Reader “Introduction to NCA”, NCA software (will be provided)
Dul, J. (2016). Necessary Condition Analysis (NCA): Logic and Methodology of “Necessary But Not Sufficient” Causality. Organizational Research Methods, 19(1), 10-52. (free access)
Karwowski, M., Dul, J., Gralewski, J., Jauk, E., Jankowska, D.M., Gajda, A., Chruszczewski, M.H., Benedek, M. (2016). Is creativity without intelligence possible? A Necessary Condition Analysis, Intelligence 57, 105-117.
Van der Valk, Sumo, R., Dul, J. & Schroeder, R. (2016). When are contracts and trust necessary for innovation in buyer-supplier relationships? A Necessary Condition Analysis. Journal of Purchasing and Supply Management, 22(4), 266-277.
For the timetable of this course, please click here.
To register, ERIM participants can take the following steps:
1. Go to SIN Online and log in with your ERNA credentials if required.
2. Click in the checkbox next to the course title and click Save Changes.
3. Your registration is complete. You will receive an automatic confirmation e-mail.
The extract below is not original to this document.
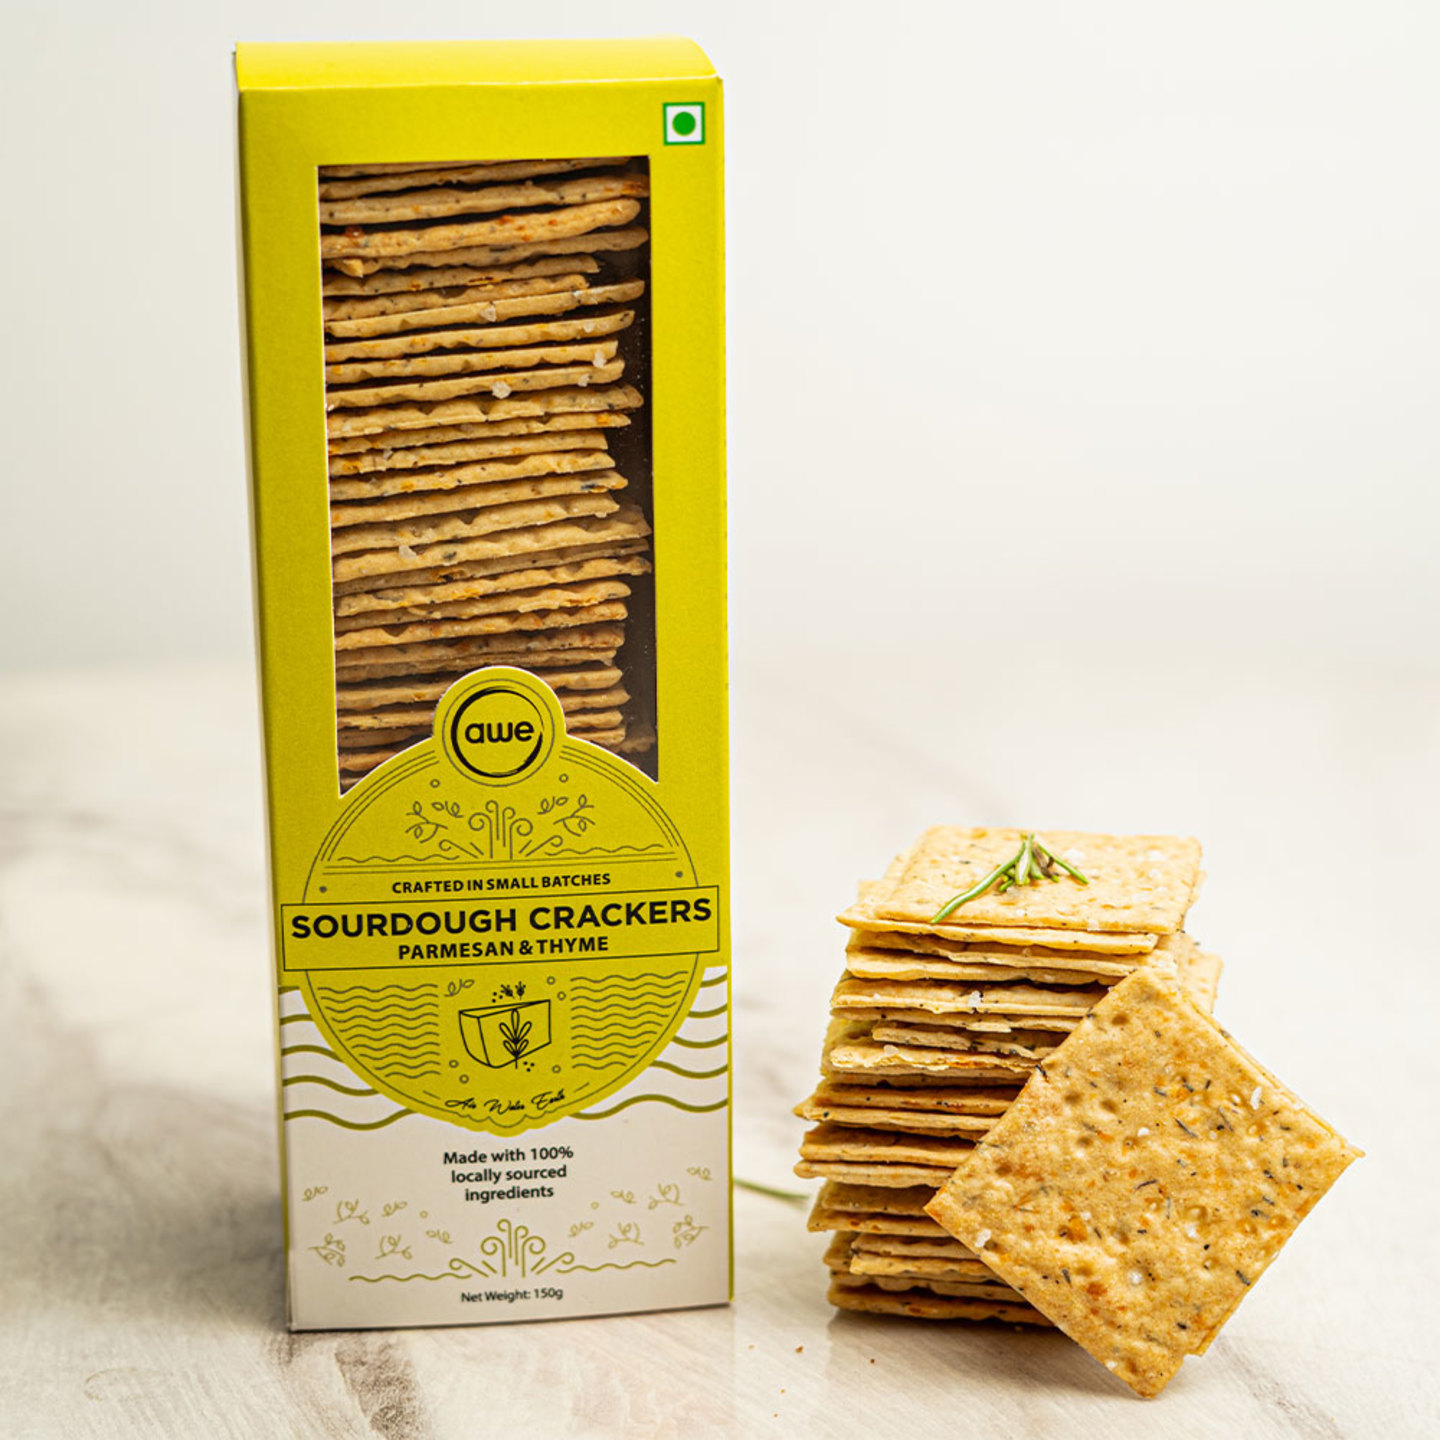 Parmesan & Thyme Sourdough Crackers

External (non-ERIM) participants are welcome to this course. To register, please fill in the registration form and e-mail it to email@example.com by 4 weeks prior to the start of the course. Please note that the number of places for this course is limited.
This course is free of charge for ERIM members (faculty members, PhD candidates and Research Master students). For external participants, the course fee is 250 euro per ECTS credit.